**Problem to work on**
The listing below should be reproduced exactly, with the pictures omitted.

**Exercise data**
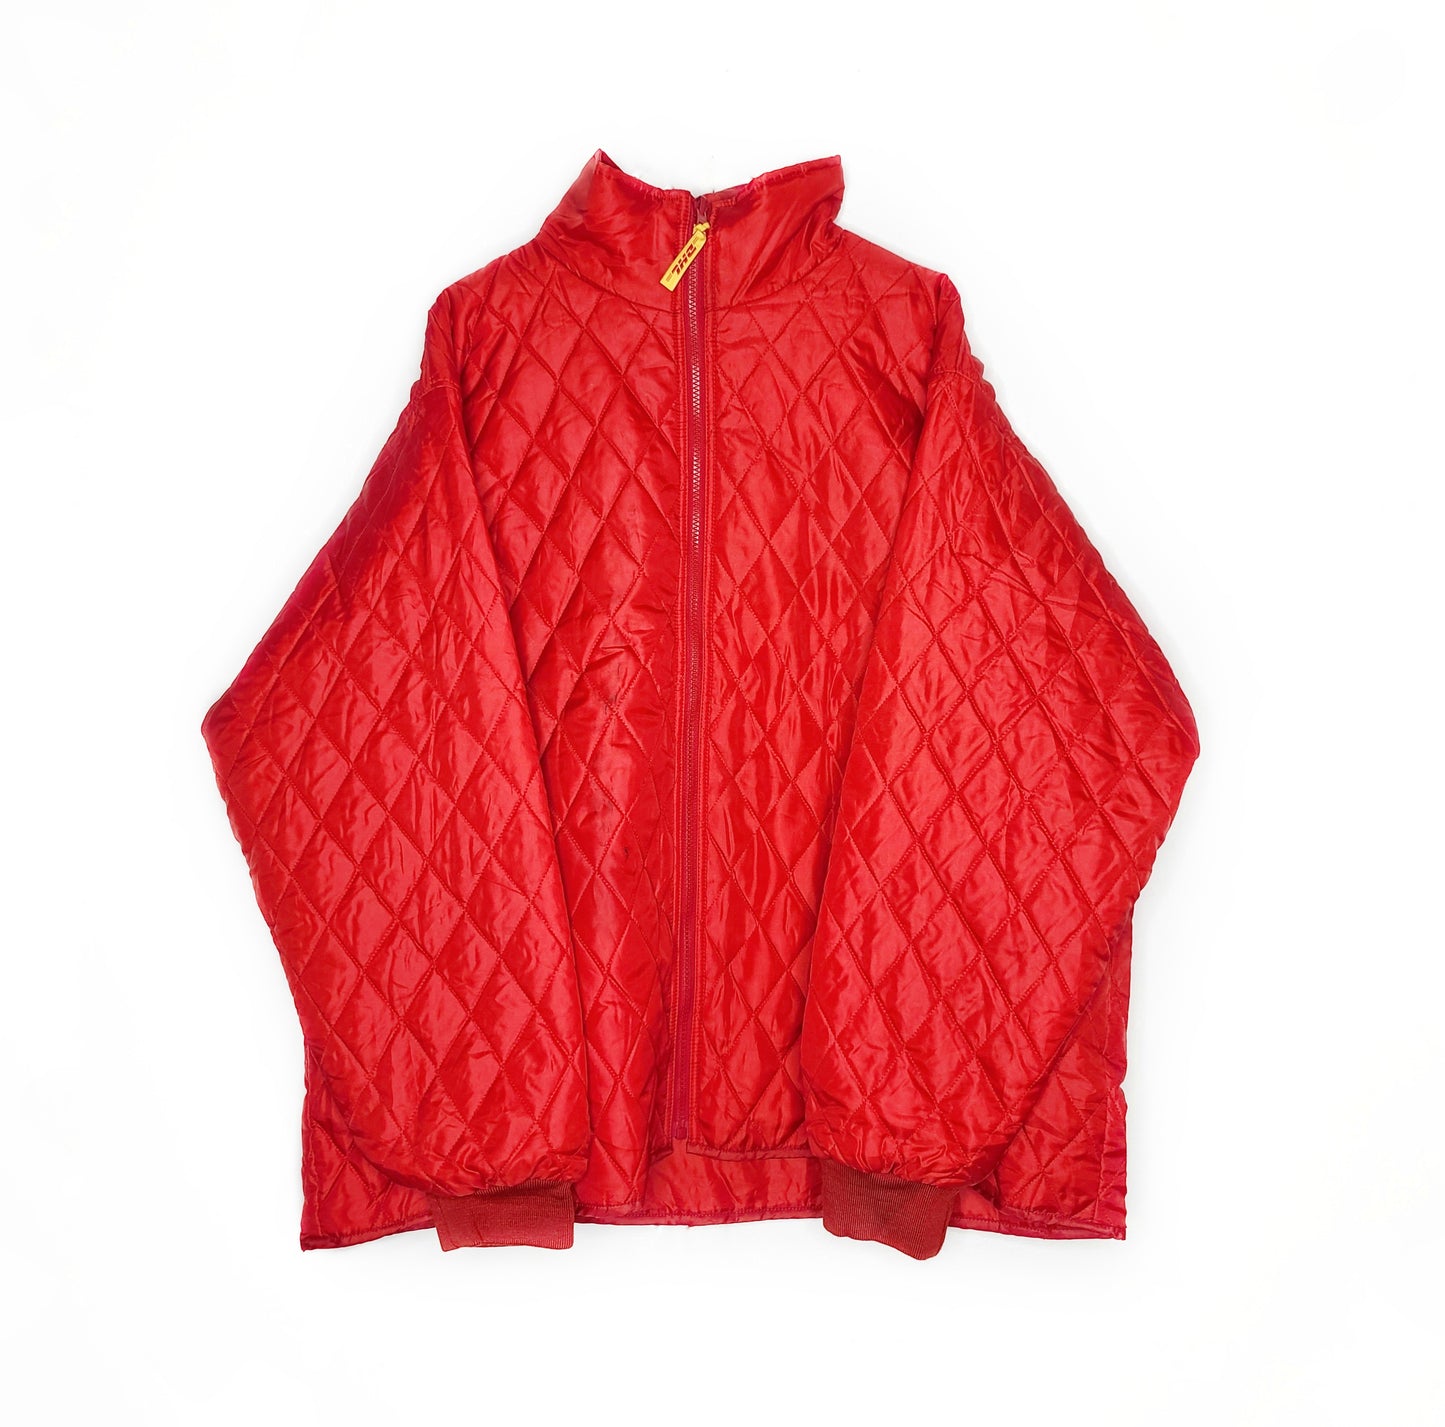 Dhl doudoune vintage 90s oversize rouge alternatif cyber puffer jacket 
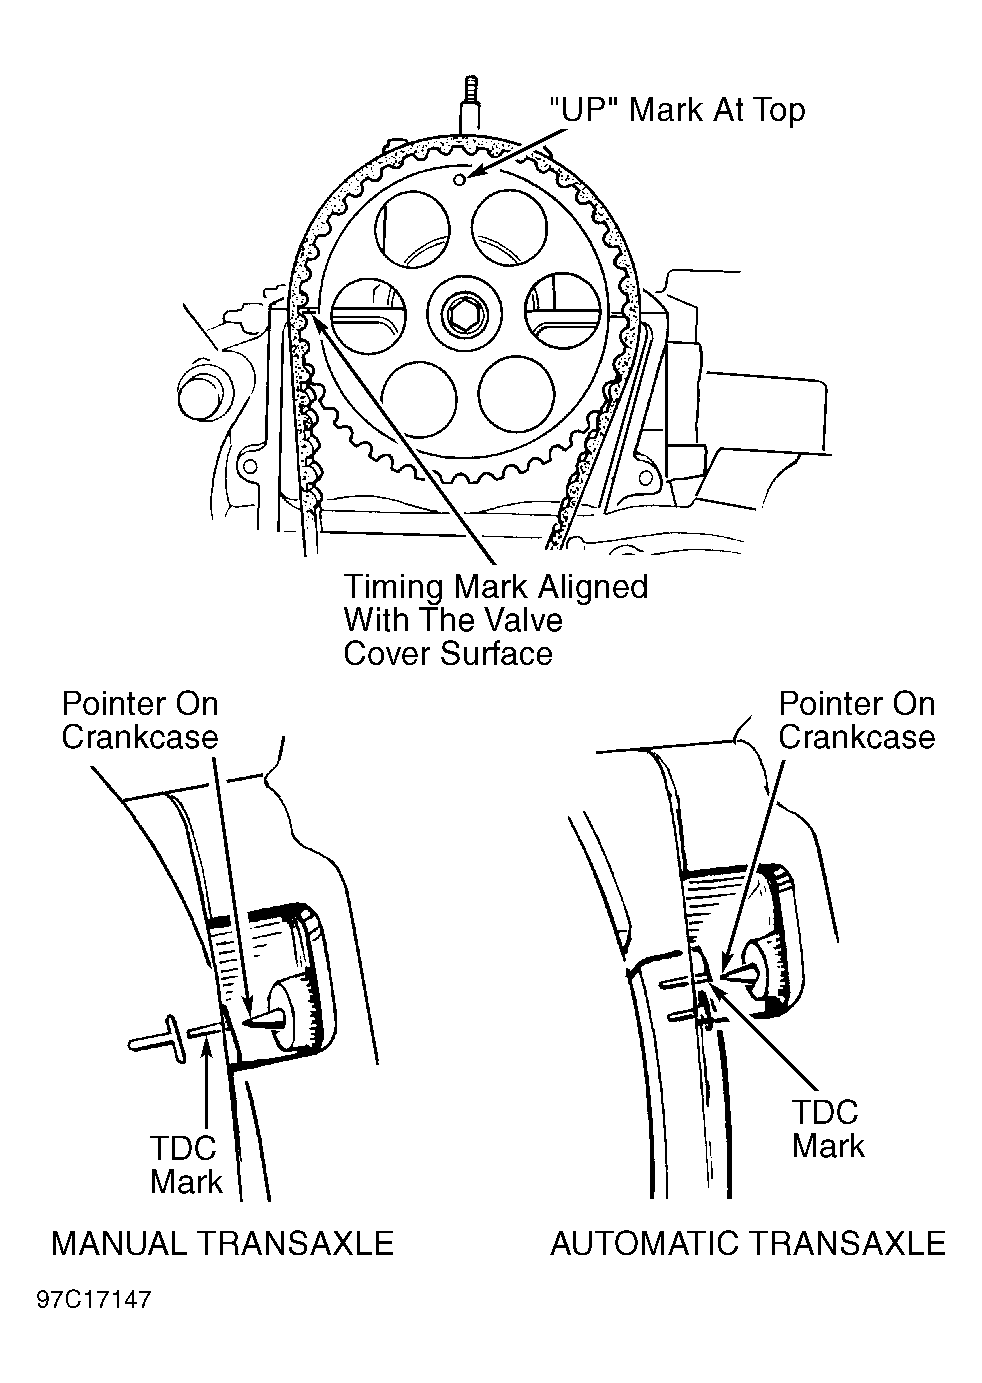 1994 Honda Civic Serpentine Belt Routing and Timing Belt Diagrams
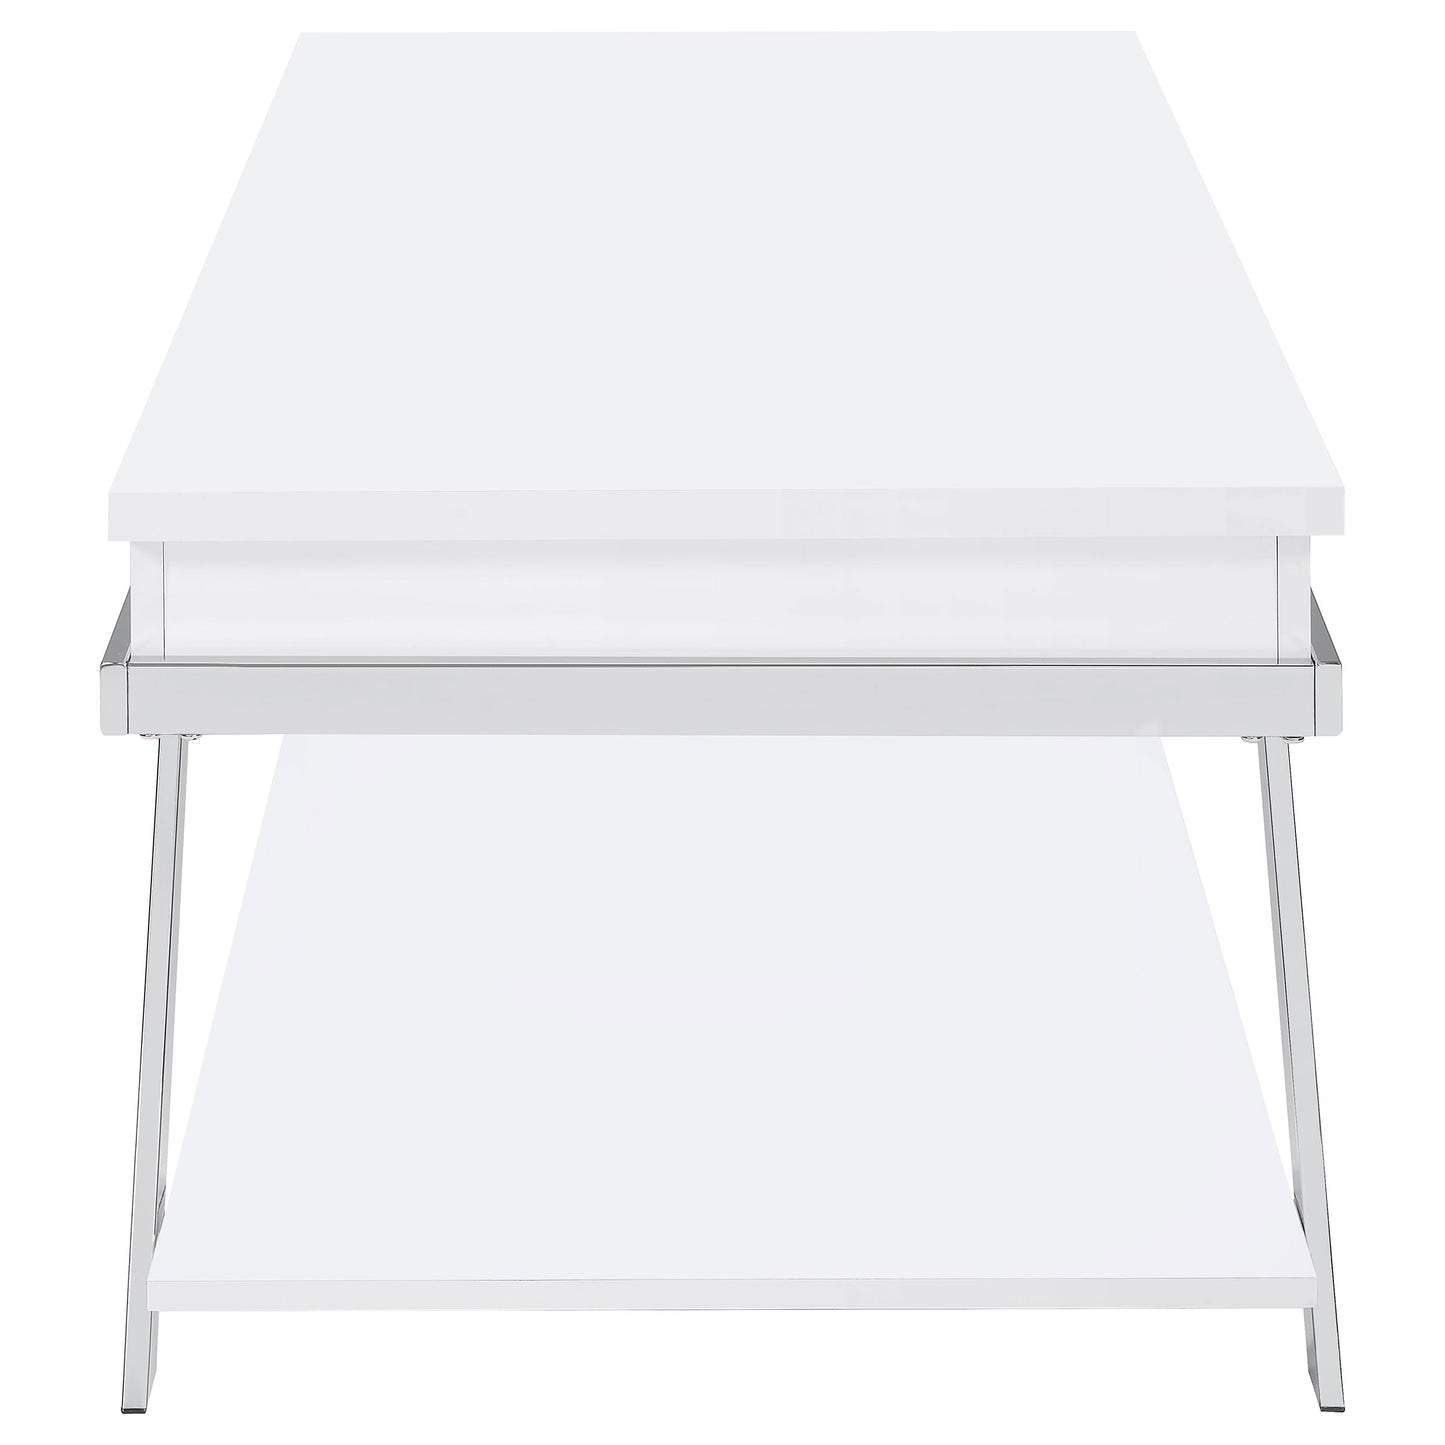 Marcia Wood Rectangular Lift Top Coffee Table White High Gloss and Chrome

**Task result**
 Dhl doudoune vintage 90s oversize rouge alternatif cyber puffer jacket 
 1994 Honda Civic Serpentine Belt Routing and Timing Belt Diagrams
 Marcia Wood Rectangular Lift Top Coffee Table White High Gloss and Chrome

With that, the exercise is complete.